From a practical standpoint, as long as the light comes on before you start (this is critical), and goes (and stays) off in normal operation, you're fine and you probably have better things to worry about.




Rand
Yes I know where the term came from long ago. I learn every day. A weak charging cycle is normal? This is when we start to have a problem. Did your car go off the line with a problem? Was it a weak engineering thing? Look at what causes the problems today.
Spoke
QUOTE(Rand @ Jul 29 2019, 07:04 PM) *

Yes I know where the term came from long ago. I learn every day. A weak charging cycle is normal? This is when we start to have a problem. Did your car go off the line with a problem? Was it a weak engineering thing? Look at what causes the problems today.


Most likely not an issue coming off the line. As parts wear and time takes its toll along with armature brushes wearing, it could be such that a very low RPM startup could keep the alternator from bootstrapping and getting into regulation.

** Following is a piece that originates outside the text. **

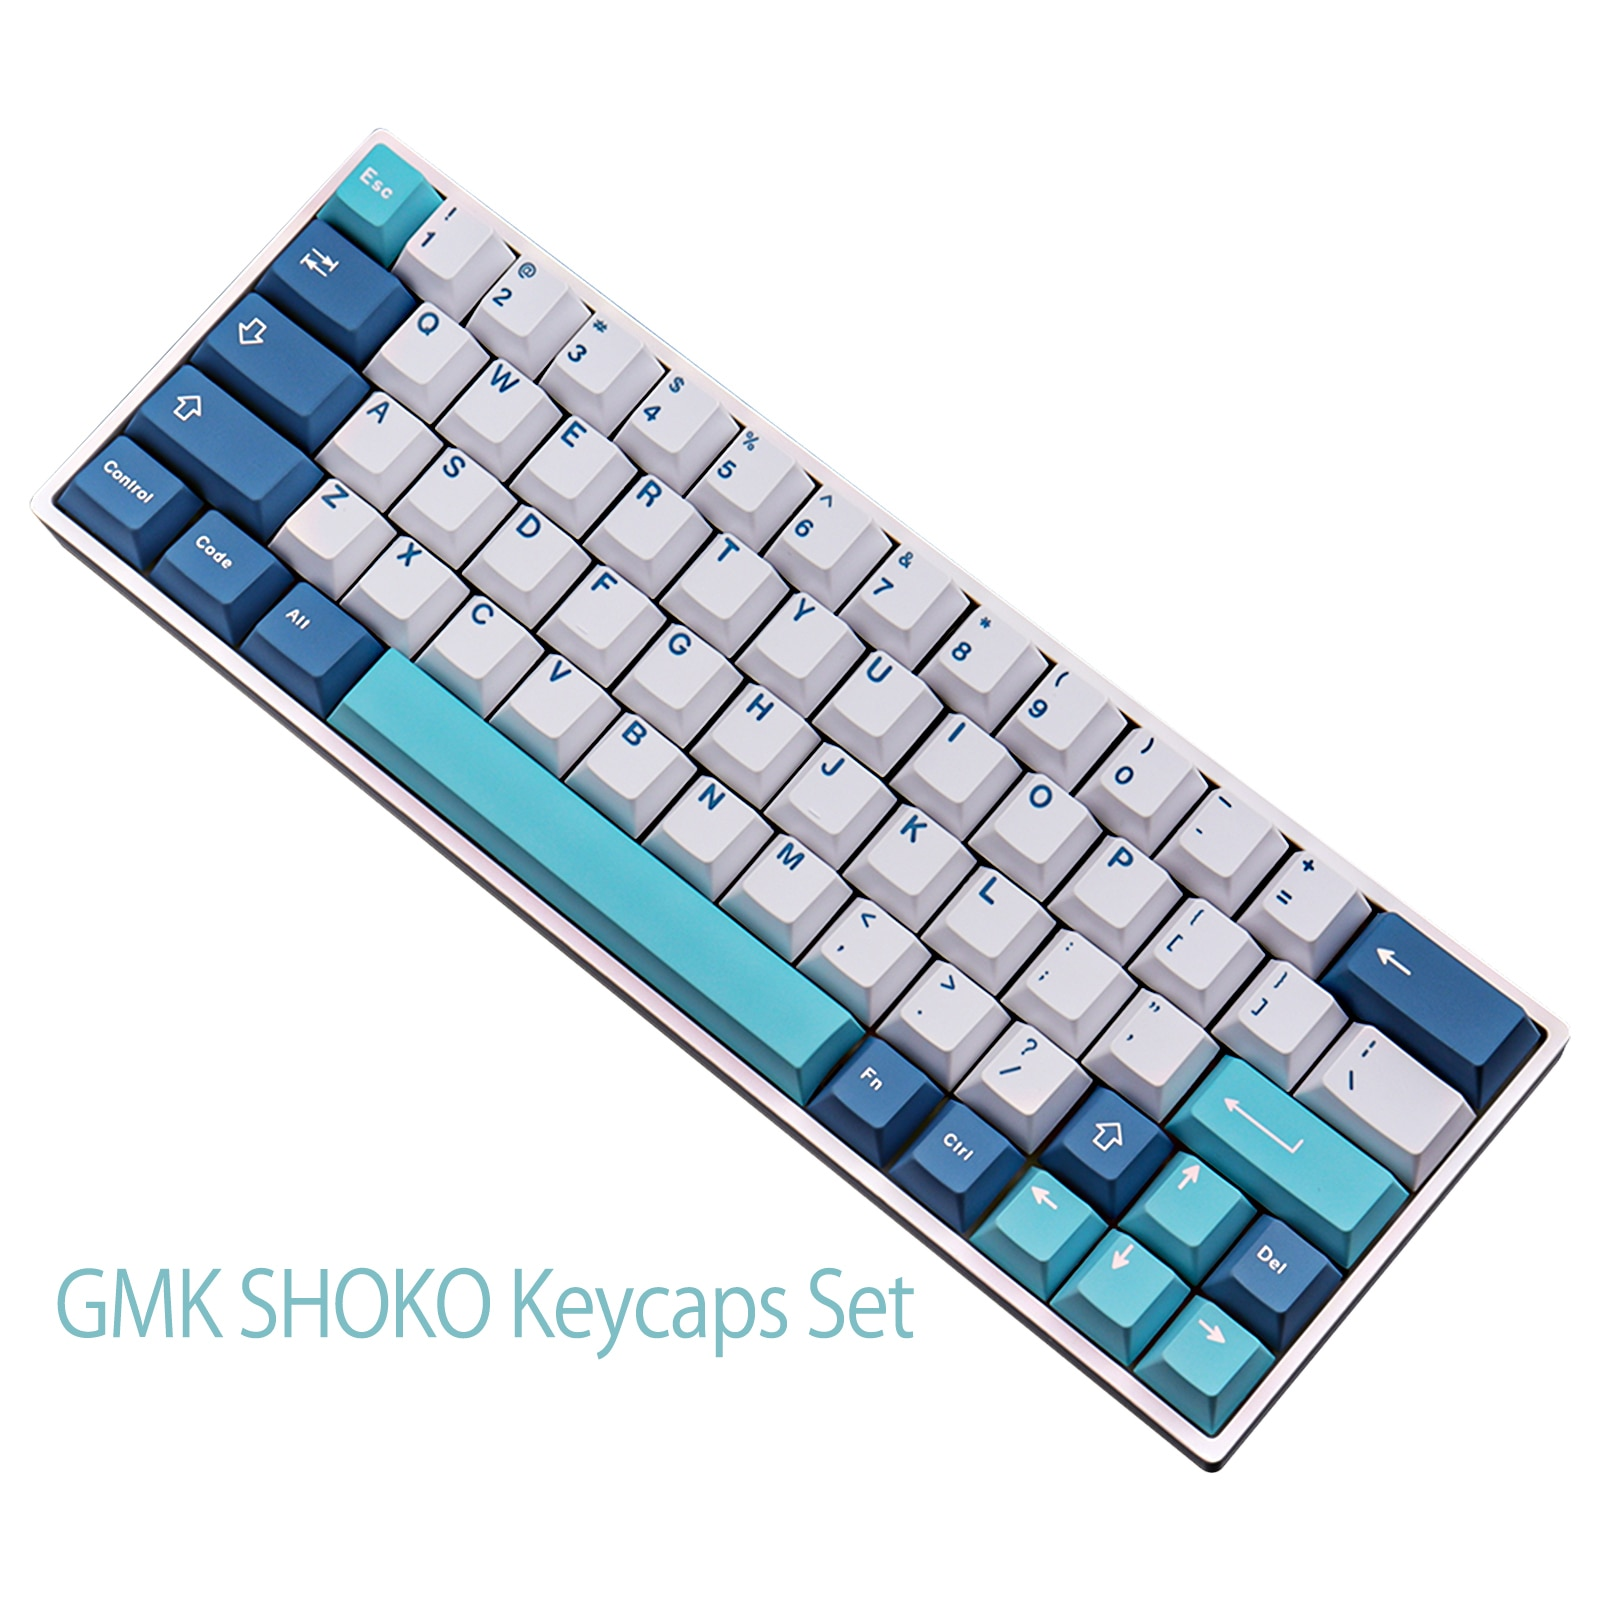 Колпачки для клавиш PBT, колпачки для клавиатуры с краской в виде вишневого профиля, колпачки для механической клавиатуры GMK SHOKO с колпачками ...
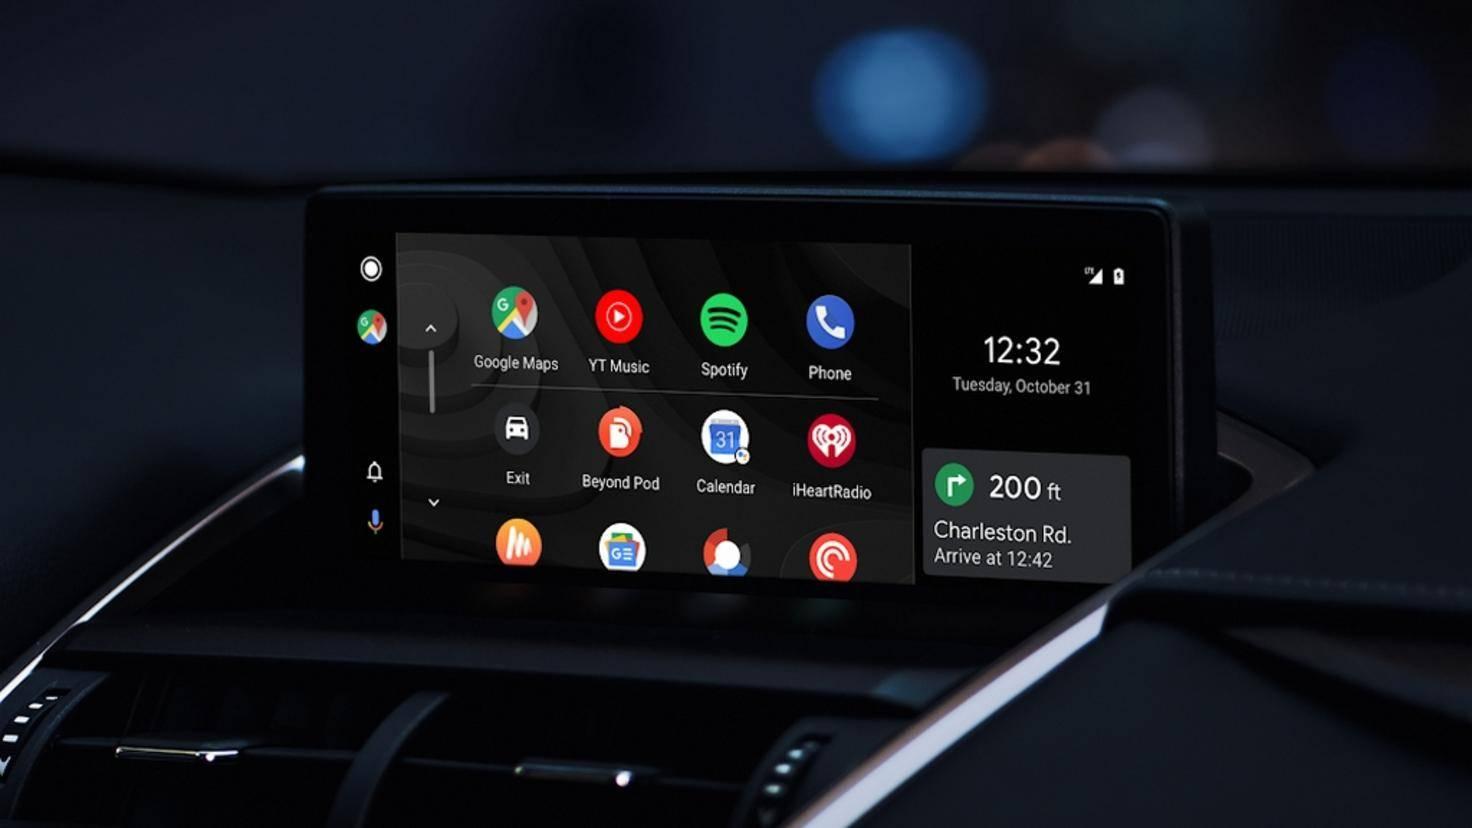 Um Android Auto zu nutzen, muss dein Auto mit dem System kompatibel sein.

My 914 with 2056 w/carbs will idle very low (300 RPM) when cold. The alternator gets started but because the battery has just been stressed with starting, I don't get full 14V until I rev the engine to about 1200 RPM or more. The voltmeter will read around 13V until the engine is revved a couple of times then it stays at 14V for all RPM ranges.
porschetub
QUOTE(SirAndy @ Jul 28 2019, 05:22 PM) *

What engine? My /6 does the same thing and i have been told that it is normal ...
idea.gif

agree.gif same with my rebuilt bosch 911 unit...good to hear.